** ACTIVITY **
Copy all the data exactly, except the pictures.

** INFORMATION PROVIDED **
★ ★ ★

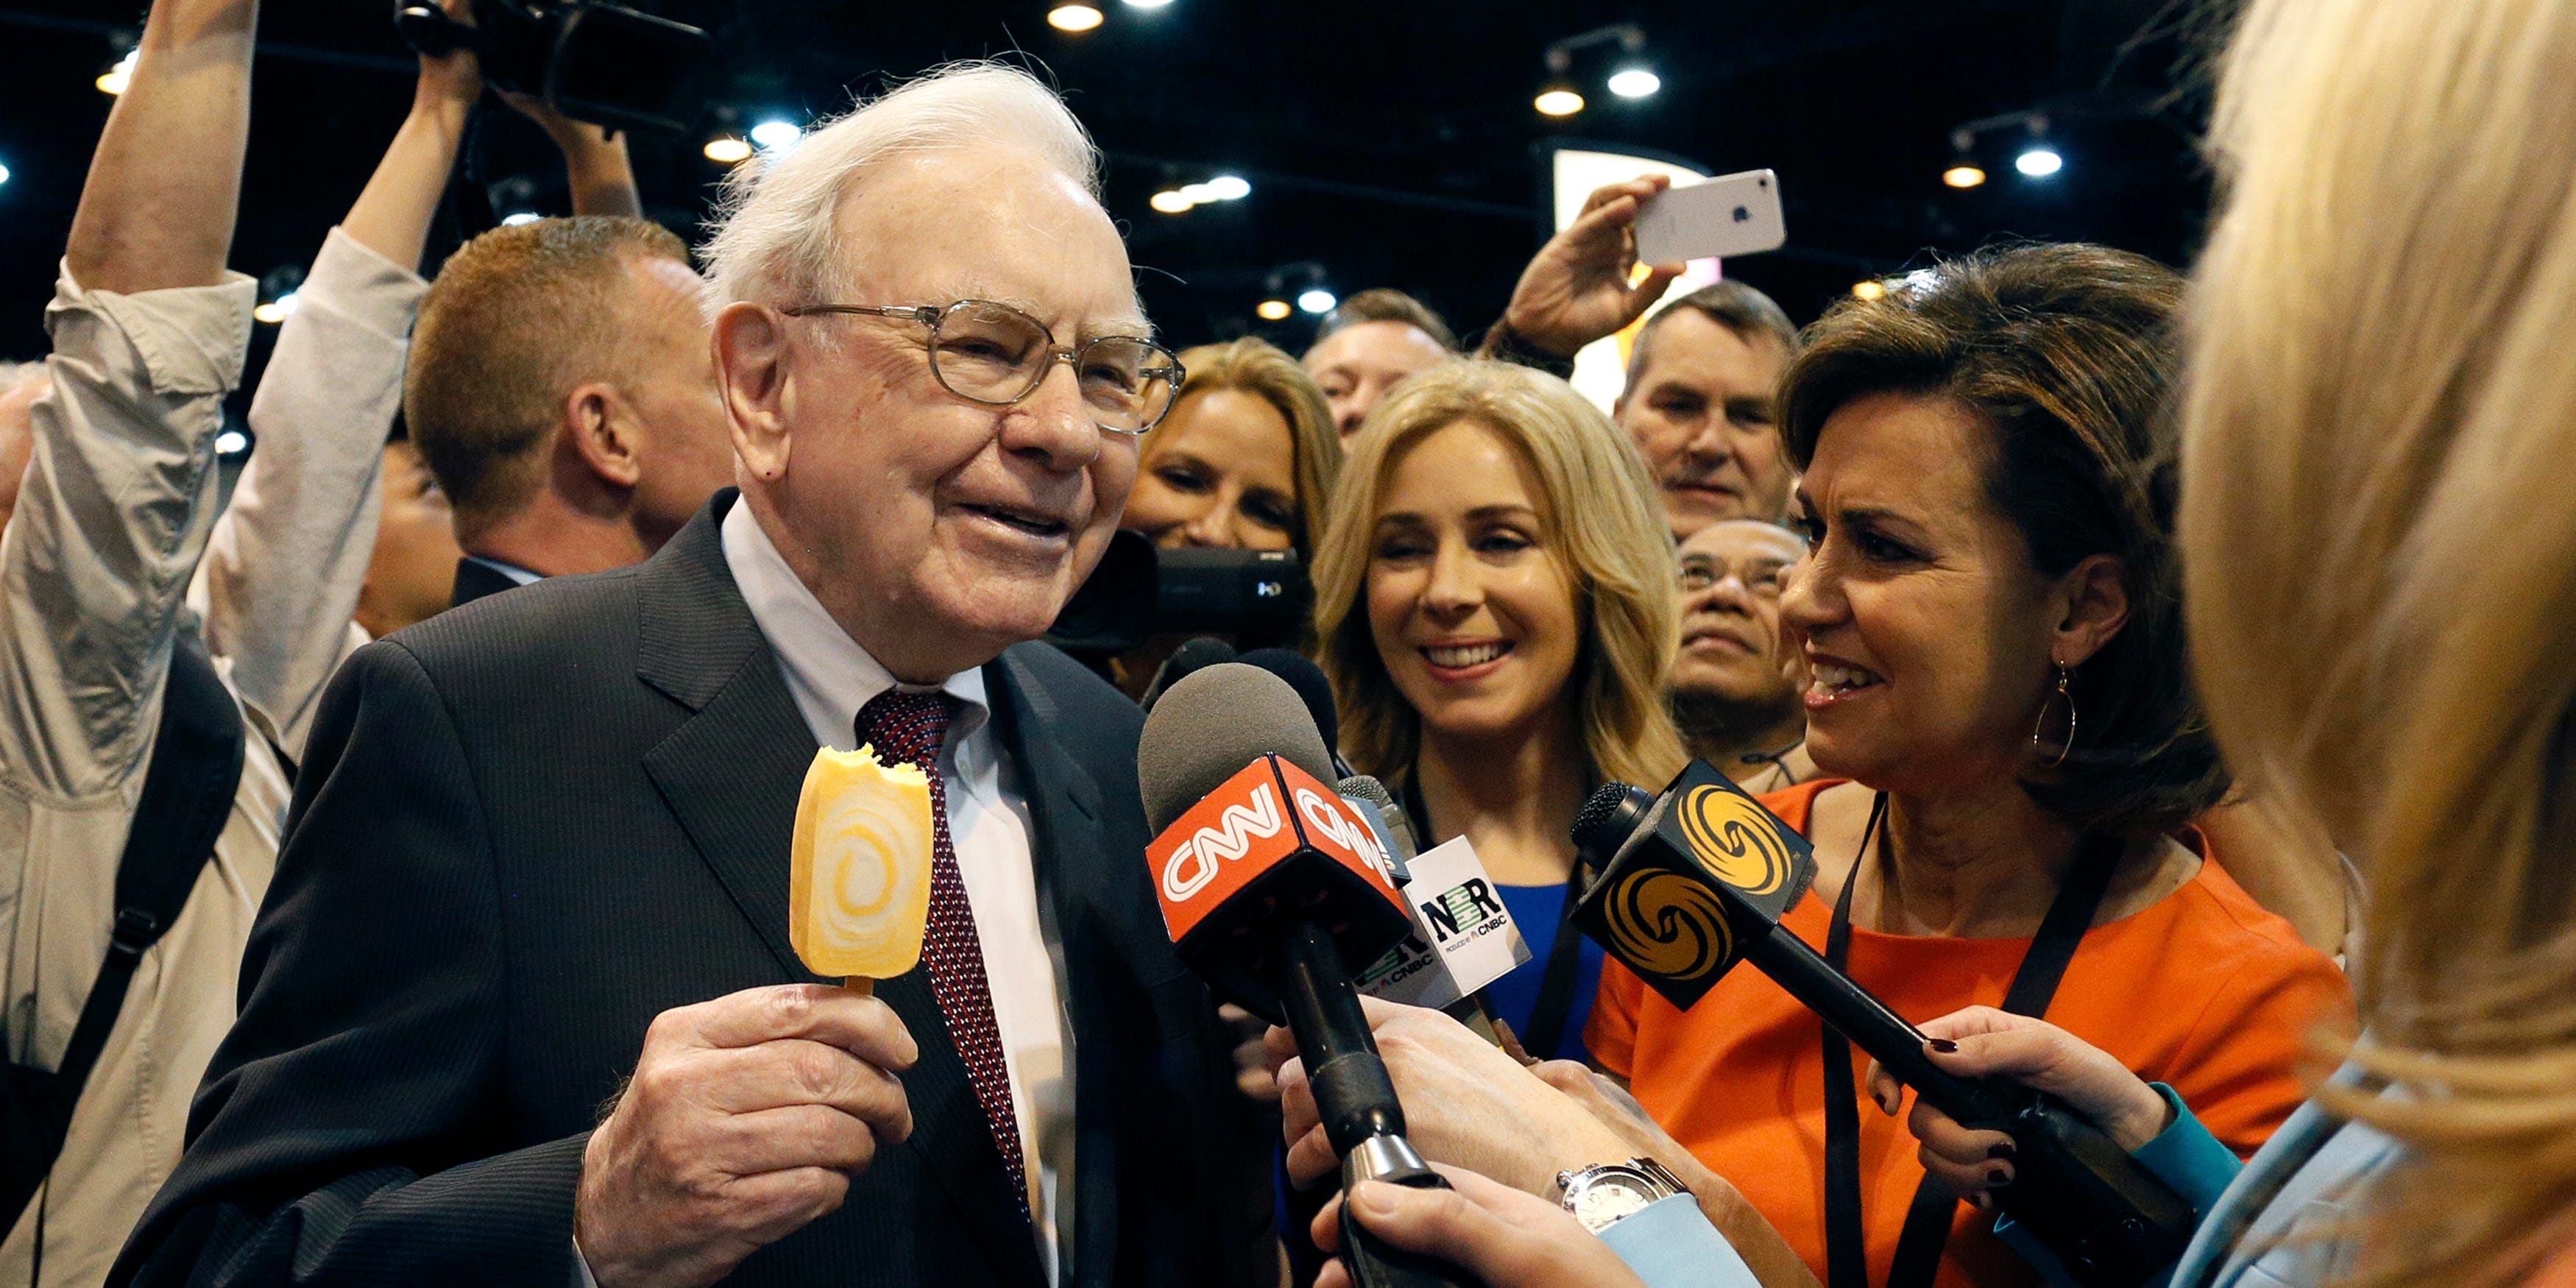 microsoft, warren buffett warned on ai scams, a fiscal disaster, and losing friends. here are 15 top quotes from berkshire's bash.
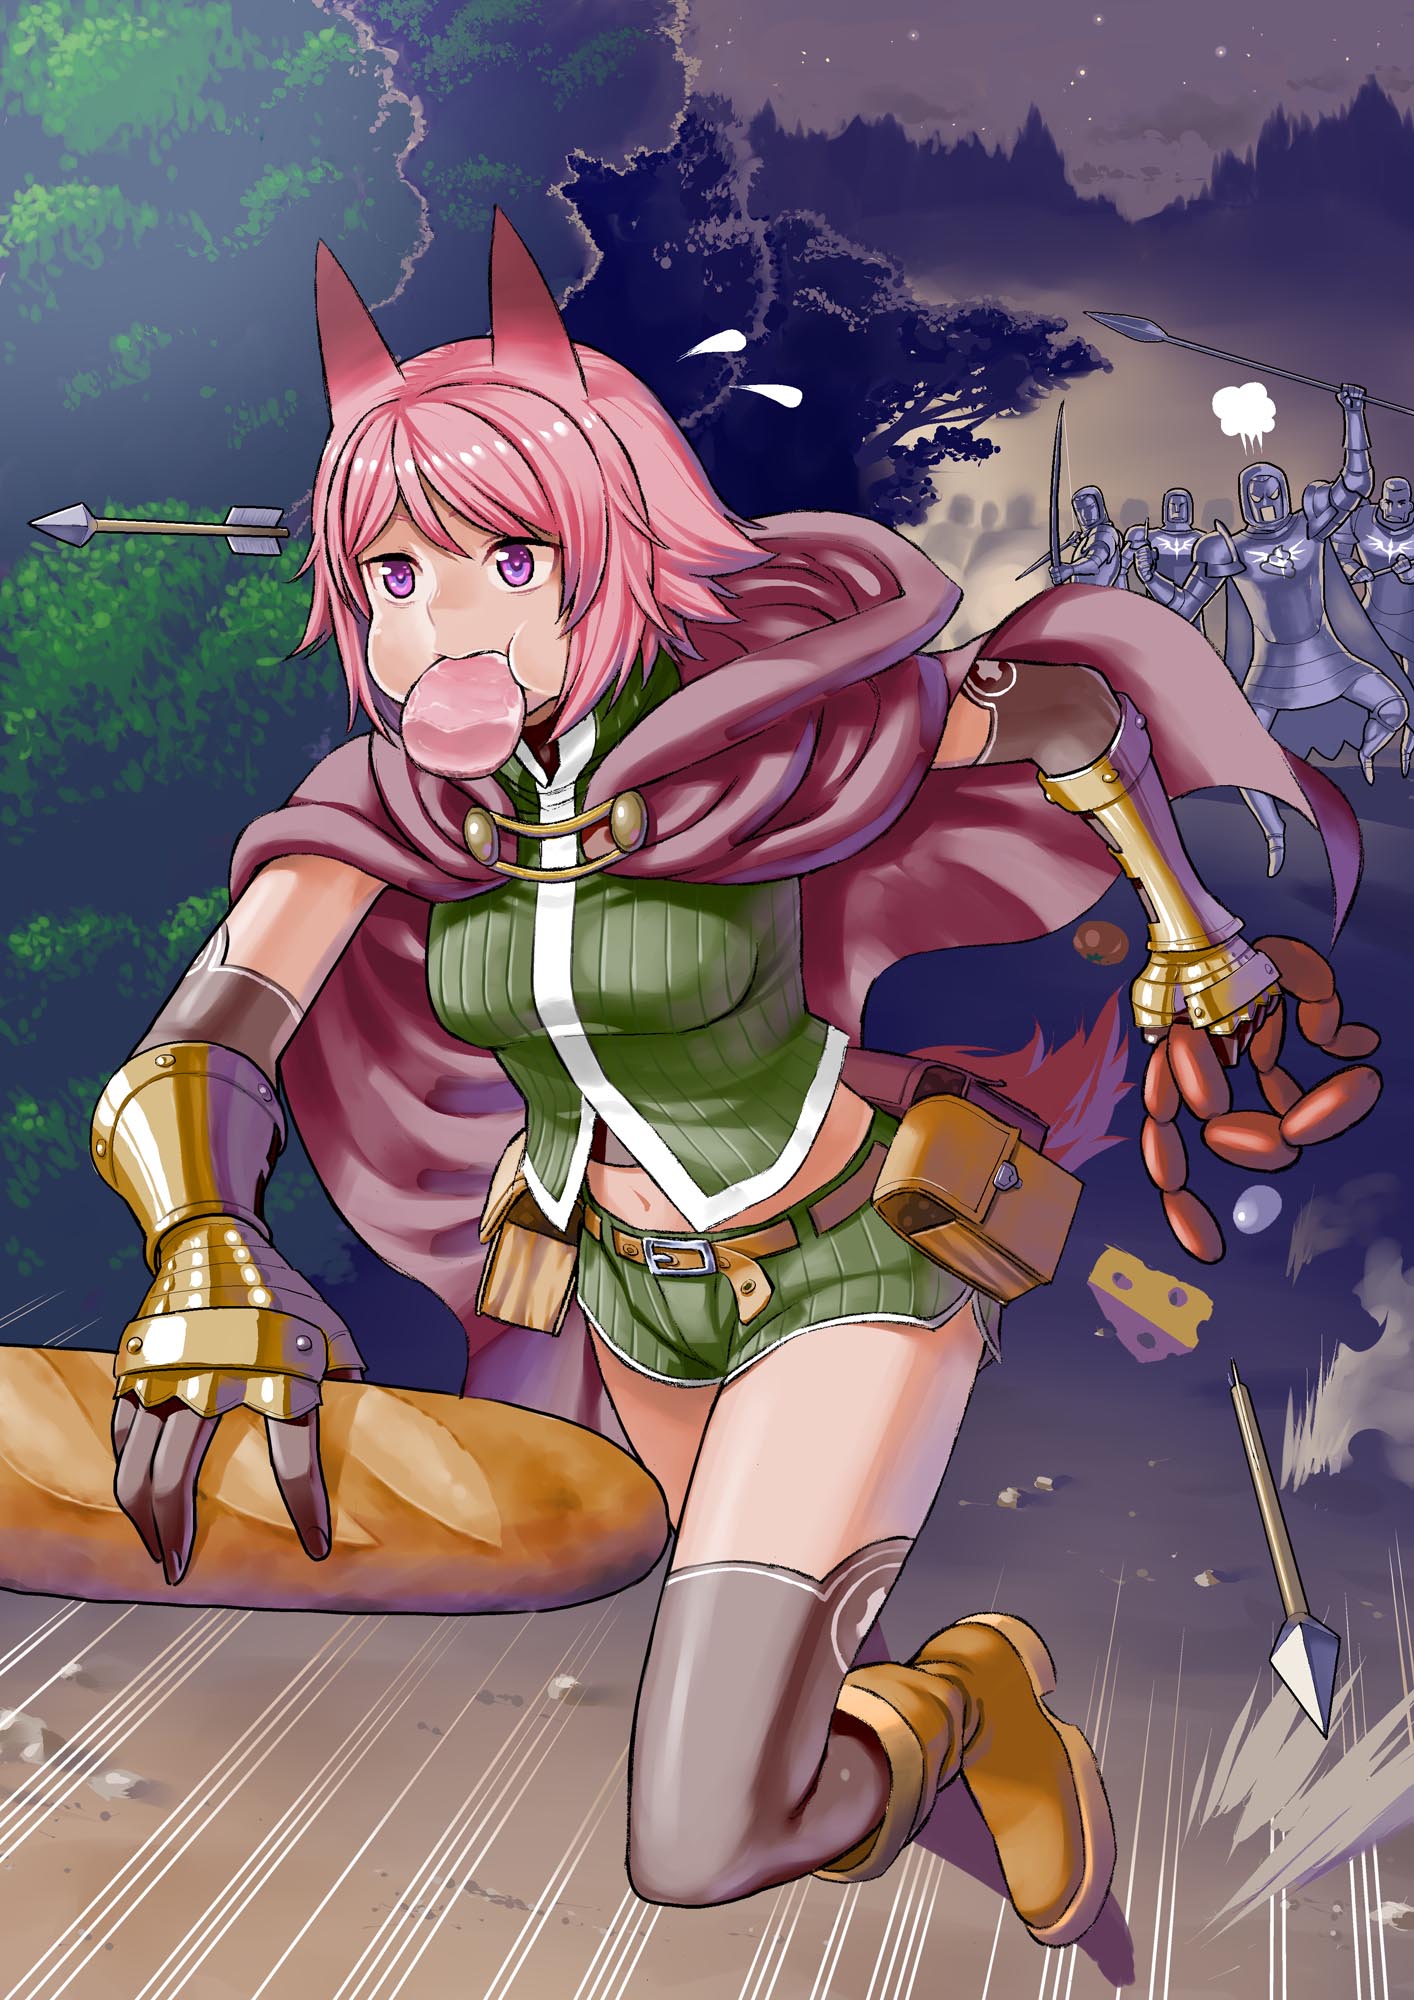 1girl 4boys angry animal_ears armor arrow belt black_legwear boots bow_(weapon) bread bread_loaf chasing cheese elbow_gloves food food_in_mouth gauntlets gloves highres midriff multiple_boys navel pink_hair polearm running sausage short_hair short_shorts shorts spear thigh-highs tree umaguti violet_eyes weapon
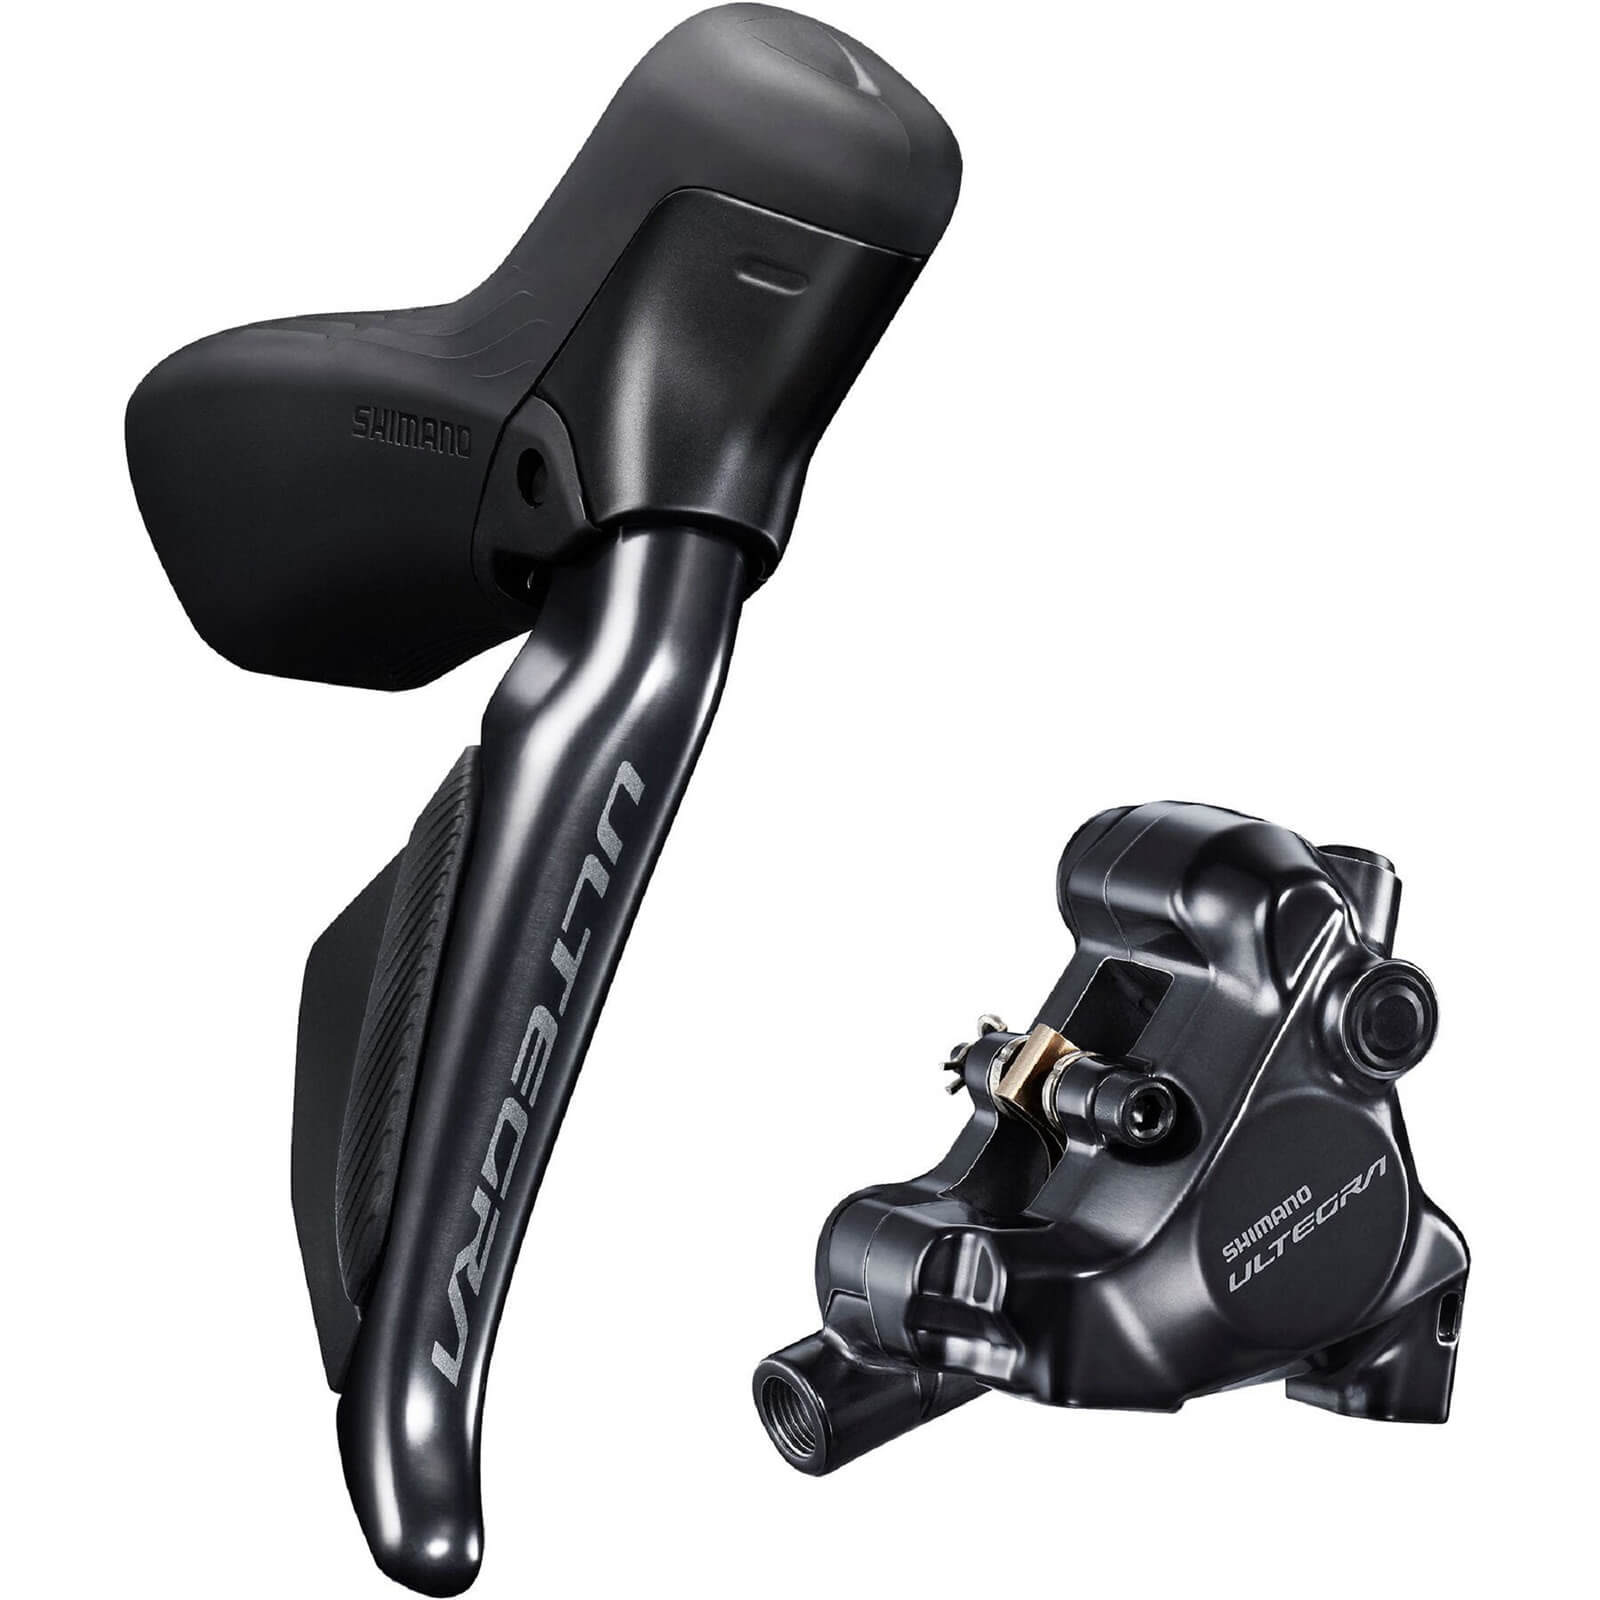 Shimano Ultegra ST-R8170 Hydraulic Disc Brake STI Lever with Flat Mount Caliper - Right/Front

★ ★ ★

** FINISHED TASK **
 microsoft, warren buffett warned on ai scams, a fiscal disaster, and losing friends. here are 15 top quotes from berkshire's bash.
 1girl 4boys angry animal_ears armor arrow belt black_legwear boots bow_(weapon) bread bread_loaf chasing cheese elbow_gloves food food_in_mouth gauntlets gloves highres midriff multiple_boys navel pink_hair polearm running sausage short_hair short_shorts shorts spear thigh-highs tree umaguti violet_eyes weapon
 Shimano Ultegra ST-R8170 Hydraulic Disc Brake STI Lever with Flat Mount Caliper - Right/Front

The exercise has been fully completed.